Voicing “Angels”: Conveying Musical Experience at Windham Tolland 4-H Camp

On one particularly hot week this past July during the two-week stretch of time I planned to spend at Windham Tolland 4-H Camp, Connecticut experienced a series of hot, muggy, and exhausting days. A storm was scheduled to roll in and, accordingly, rest hour was extended to protect the campers in case of thunder or lightning. Lightning indeed struck, and not just from the sky. Since Heather (the camp director) was in need of some much-deserved rest, her sister J (short for Jessica) was in charge. J is incredibly good with campers and adults alike. She knows how to keep people occupied, calm, and happy, regardless of their age. Which is why you can imagine my mild panic when she left Adam (another counselor) and I with fifty or so day-campers in the sports room while she managed the overnighters as the storm was passing.  Thunder was booming, lights were flickering, children were dispersing, and plastic beads were flying. I was desperately trying to reconnect a DVD player to sedate the children with mindless entertainment while Adam was on a walkie-talkie insisting that we needed immediate assistance. Fortunately, it all ended well. In response to my accusation that J had left us for hours to fend for ourselves, J maintained that she was only gone for half an hour.

So the storm hit, as did the chaos of 150 panic-stricken and/or excited campers. When the storm lifted, leaving the trees dense with fresh water and the ground heavily saturated with the much-needed sustenance, camp was as alive as ever. The extended rest and the excitement of the storm exploded in the voices of campers eager to tell one another what they did during the extended cabin time. Dinner was buzzing with conversations, songs, and the occasional spirit chant or rhythmic fist pounding over a meal of chicken Parmesan and spaghetti. Following dinner was another lively activity requiring campers to run around the campgrounds from station to station, meeting challenges and completing tasks.

I tell this story for one purpose: to juxtapose it against the highly unlikely occurrence that follows every evening program in the middle of a noisy camp settled in an otherwise lonely woods. Camp is a bustle all day, writhing with movement and bursting with sound. But at this one moment all campers cross arms and join hands, forming a ring. Not another soul wanders the grounds, swims in the lake, or searches for chocolate milk in the dining hall freezers. All energy comes to this one place, and for one moment, there is silence. Then the first voice begins the evening song “Angels” and the other campers timidly and softly sing along. This evening moment is a time of calm, of quiet, of reflection and introspection. The circle gently sways from side to side. Camper shoulders brush the waists of counselors as they collectively sing:


All night, all day, angels watchin’ over me, my Lord.
All night, all day, angels watchin’ over me.
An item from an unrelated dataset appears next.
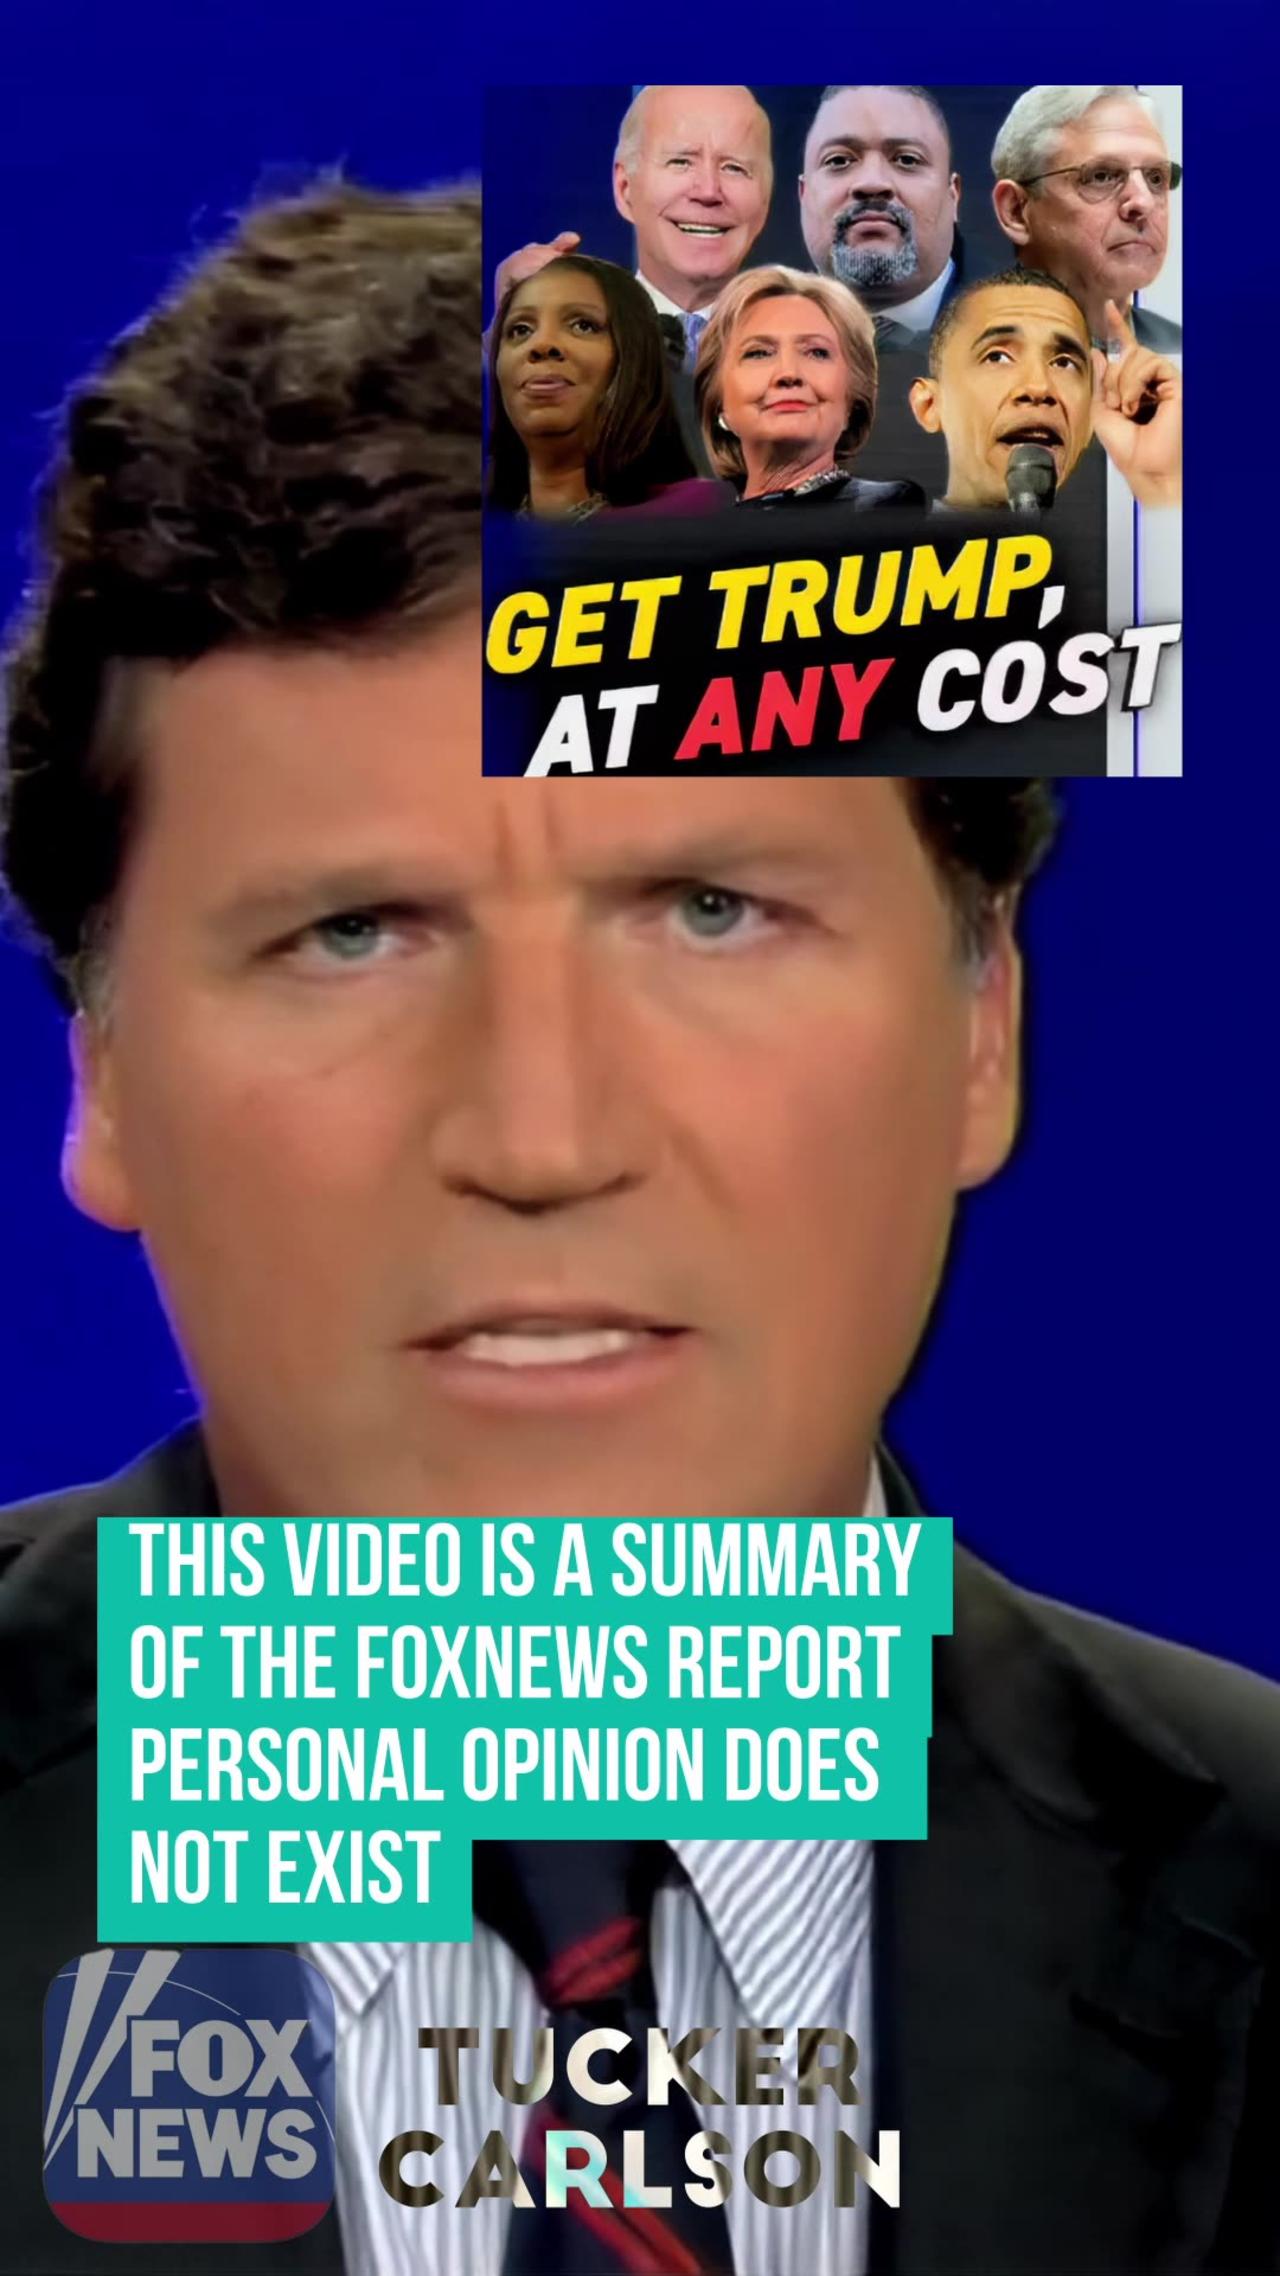 Tucker Carlson, Spending All Of His Time Trying To Destroy His Political Opponents

Now I lay me down to sleep,
Oh Lord, the Angels watchin’ over me, my Lord.
Pray the Lord my soul to keep,
Angels watchin’ over me.

All night, all day, angels watchin’ over me, my Lord.
All night, all day, angels watchin’ over me.

If I die before I wake,
oh Lord, the angels watchin’ over me, my Lord.
Praise the Lord my soul to take,
Angels watchin’ over me.

All night, all day, angels watchin’ over me, my Lord.
All night, all day, angels watchin’ over me.

Day is done, gone the sun,
From the lakes, from the hills, from the sky.
All is well, safely rest. God is nigh.

(Spoken by individuals over humming of the melody:)
I pledge my head to clearer thinking,
my heart to greater loyalty,
my hands to larger service,
and my health to better living.
For my club, my community,
My country, and my world.



And the precious delicacy of the moment is shattered by a cacophony of young voices shouting in search of their counselors, of staff members trying to assemble their kids, of teen leaders looking for instructions for their evening training, of sneezes that had been held in until the end of the song, itches that needed immediate attention and thorough scratching. The exquisite moment collapses into a whirlwind of movement and noise that typifies the camp environment.

Soon the outdoor amphitheater was empty. All that was left was the late mist hovering after the day’s storm, the echoes of voices running through the camp grounds, and the memory of a moment when everything stopped and 150 otherwise rambunctious, boisterous kids sincerely pledged themselves to the 4-H ideals and sang about the evening angels.

Storytelling (a well-known camp tradition and crucial factor in the transmission of cultural memory at camp) seems appropriate to represent my musical camp experiences. However, smoothly merging narratives (like the one in this post) with theory in a way that satisfies standards of academic writing is a difficult task. Now as the time of grant paper writing is upon me, I face a battle between my roles as both ethnomusicologist and WT4H camper. I struggle to form a mode of presentation that conveys the zany and surprisingly emotive character of “camp-ness” and of the child psyche in an academic way. As a budding scholar, one with little fieldwork experience and an artistic impression of the world, I now find myself in a pickle. How to unite two entities that seem so dissimilar? For this reason, I am humbled by my first fieldwork experience. Though the inexplicable depth and beauty of camp have presented a stylistic challenge, I am excited to explore some creative ethnographic approaches.